Alibaba Cloud Model Studio:Deep research (Qwen-Deep-Research)

Last Updated:Mar 15, 2026

Automates complex research through planning, multiple rounds of web searches, and structured report generation. Gathers and synthesizes information without manual effort.

Note

This document applies only to the Chinese mainland (Beijing) region. To use the model, use an API key from the Chinese mainland (Beijing) region.

Getting started

Get an API key and export the API key as an environment variable. If you use an SDK to make calls, install the DashScope SDK.

Two-step workflow: follow-up question (the model clarifies research scope) and deep research (the model searches, analyzes, and generates a report).

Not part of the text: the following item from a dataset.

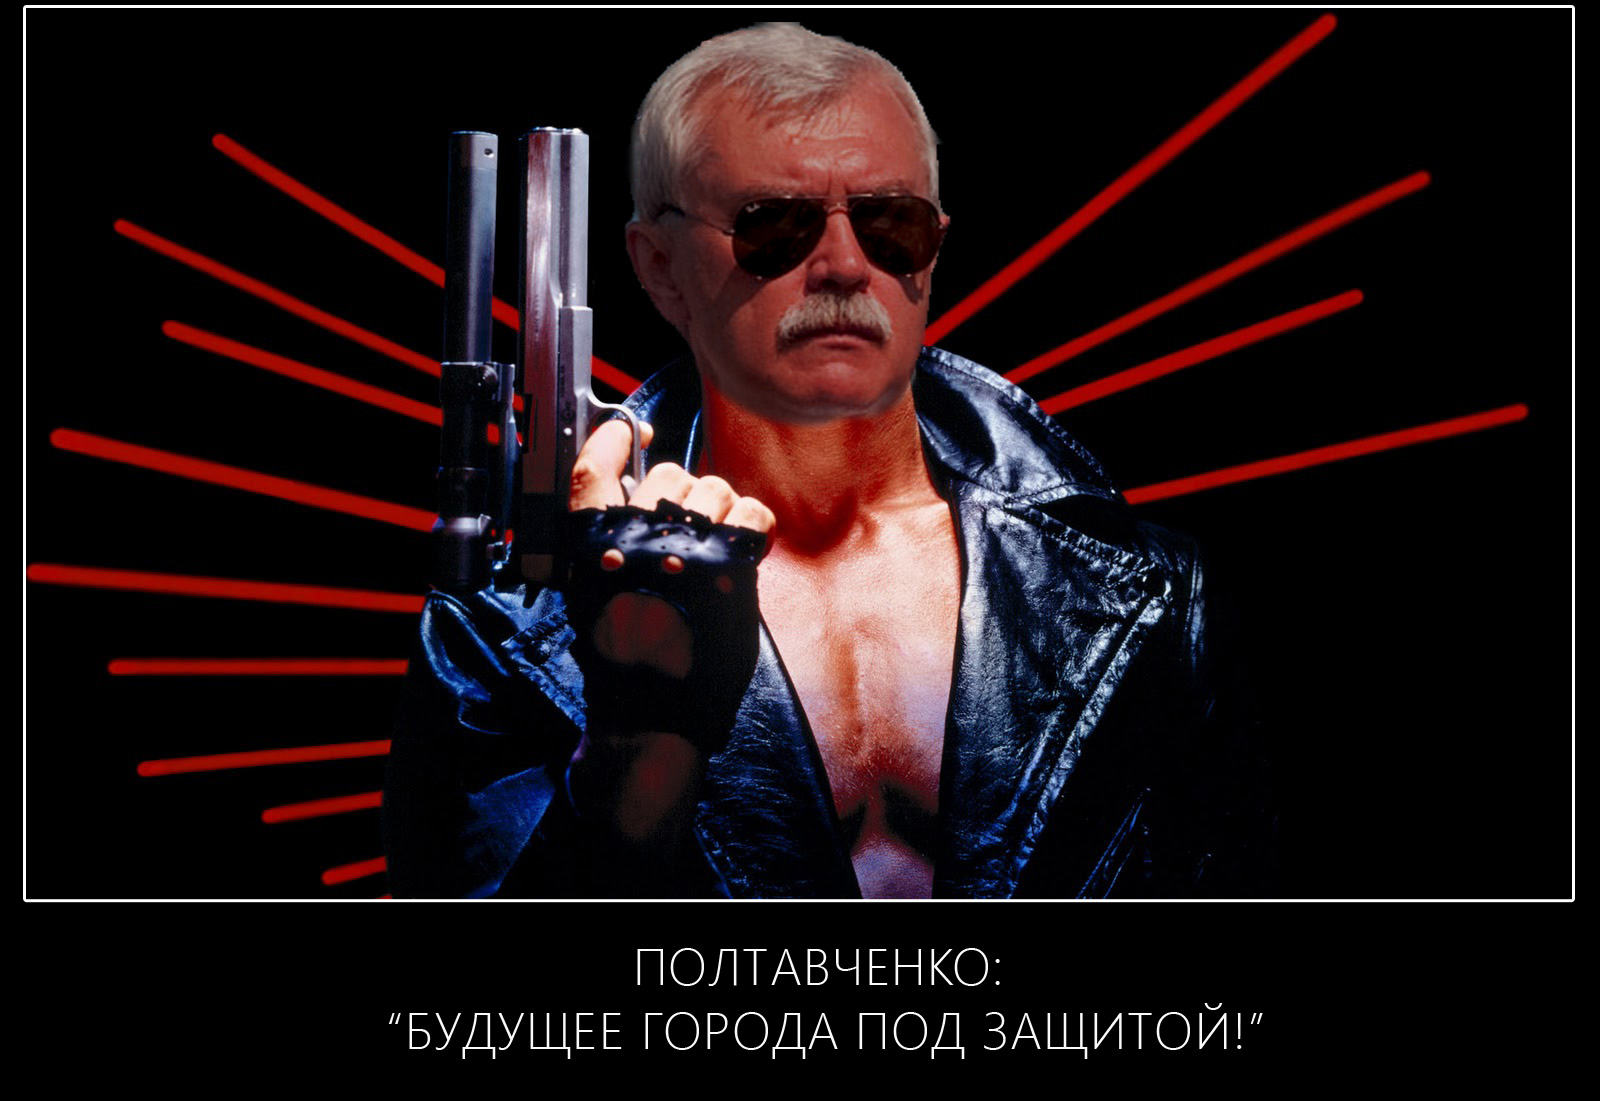 Терминатор Полтавченко ))

Currently, the model does not support DashScope SDK for Java or OpenAI-compatible API calls.
import os
import dashscope

# Configure the API key
# If not set, replace the following line with your Model Studio API key (format: sk-xxx)
API_KEY = os.getenv('DASHSCOPE_API_KEY')

def call_deep_research_model(messages, step_name):
    print(f"\n=== {step_name} ===")
    
    try:
        responses = dashscope.Generation.call(
            api_key=API_KEY,
            model="qwen-deep-research",
            messages=messages,
            # The qwen-deep-research model currently only supports streaming output
            stream=True
            # incremental_output=True Add this parameter for incremental output
        )
        
        return process_responses(responses, step_name)
        
    except Exception as e:
        print(f"An error occurred when calling the API: {e}")
        return ""


# Display phase content
def display_phase_content(phase, content, status):
    if content:
        print(f"\n[{phase}] {status}: {content}")
    else:
        print(f"\n[{phase}] {status}")

# Process the response
def process_responses(responses, step_name):
    current_phase = None
    phase_content = ""
    research_goal = ""
    web_sites = []
    references = []
    keepalive_shown = False  # Flag to check if the KeepAlive prompt has been shown

    for response in responses:
        # Check the response status code
        if hasattr(response, 'status_code') and response.status_code != 200:
            print(f"HTTP return code: {response.status_code}")
            if hasattr(response, 'code'):
                print(f"Error code: {response.code}")
            if hasattr(response, 'message'):
                print(f"Error message: {response.message}")
            print("For more information, see: https://www.alibabacloud.com/help/zh/model-studio/error-code")
            continue

        if hasattr(response, 'output') and response.output:
            message = response.output.get('message', {})
            phase = message.get('phase')
            content = message.get('content', '')
            status = message.get('status')
            extra = message.get('extra', {})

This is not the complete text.